» **Task item**
Print the data below exactly, but only the lines from the one containing "Hamlet with yurts" down to the one containing "How about Sounders FC forward Fredy Montero?", inclusive.

"""

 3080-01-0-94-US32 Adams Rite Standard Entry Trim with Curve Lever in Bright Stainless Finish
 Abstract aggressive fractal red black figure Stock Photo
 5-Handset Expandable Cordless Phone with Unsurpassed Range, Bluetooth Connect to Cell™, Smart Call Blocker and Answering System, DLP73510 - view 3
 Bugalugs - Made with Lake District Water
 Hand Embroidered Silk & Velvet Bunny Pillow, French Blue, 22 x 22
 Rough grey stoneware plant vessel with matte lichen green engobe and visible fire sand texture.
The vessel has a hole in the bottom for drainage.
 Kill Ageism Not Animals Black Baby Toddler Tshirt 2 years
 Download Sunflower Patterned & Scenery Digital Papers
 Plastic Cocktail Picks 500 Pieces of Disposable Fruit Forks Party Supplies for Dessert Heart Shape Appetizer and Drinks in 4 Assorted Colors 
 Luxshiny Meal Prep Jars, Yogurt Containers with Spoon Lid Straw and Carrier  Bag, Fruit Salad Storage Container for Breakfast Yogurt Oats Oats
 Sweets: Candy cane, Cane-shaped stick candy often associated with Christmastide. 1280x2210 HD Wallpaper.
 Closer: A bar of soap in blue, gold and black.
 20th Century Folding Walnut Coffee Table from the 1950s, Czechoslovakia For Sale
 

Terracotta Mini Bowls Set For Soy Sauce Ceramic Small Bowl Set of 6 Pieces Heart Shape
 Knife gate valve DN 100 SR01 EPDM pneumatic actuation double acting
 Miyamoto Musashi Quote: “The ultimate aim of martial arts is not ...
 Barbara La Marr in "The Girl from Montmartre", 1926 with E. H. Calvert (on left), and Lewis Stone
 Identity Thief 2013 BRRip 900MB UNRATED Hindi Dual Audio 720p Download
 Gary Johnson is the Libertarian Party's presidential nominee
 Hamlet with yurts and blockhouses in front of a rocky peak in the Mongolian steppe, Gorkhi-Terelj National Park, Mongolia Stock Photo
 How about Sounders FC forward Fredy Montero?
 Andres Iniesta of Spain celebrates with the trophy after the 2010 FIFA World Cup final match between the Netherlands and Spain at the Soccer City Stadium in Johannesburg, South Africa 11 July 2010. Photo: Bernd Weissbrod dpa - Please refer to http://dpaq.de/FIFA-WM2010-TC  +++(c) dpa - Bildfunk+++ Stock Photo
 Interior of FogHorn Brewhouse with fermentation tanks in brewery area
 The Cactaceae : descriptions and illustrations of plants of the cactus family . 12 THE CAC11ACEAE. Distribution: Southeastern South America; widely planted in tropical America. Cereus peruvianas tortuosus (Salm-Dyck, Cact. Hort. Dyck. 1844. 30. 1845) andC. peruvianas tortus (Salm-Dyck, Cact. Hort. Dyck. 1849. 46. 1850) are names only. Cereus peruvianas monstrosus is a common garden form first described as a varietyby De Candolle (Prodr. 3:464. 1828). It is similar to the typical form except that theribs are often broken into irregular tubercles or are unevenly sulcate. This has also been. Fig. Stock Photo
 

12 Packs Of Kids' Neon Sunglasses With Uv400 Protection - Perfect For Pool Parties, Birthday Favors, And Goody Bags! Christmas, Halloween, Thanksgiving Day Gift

"""

» **Result of the exercise**
 Hamlet with yurts and blockhouses in front of a rocky peak in the Mongolian steppe, Gorkhi-Terelj National Park, Mongolia Stock Photo
 How about Sounders FC forward Fredy Montero?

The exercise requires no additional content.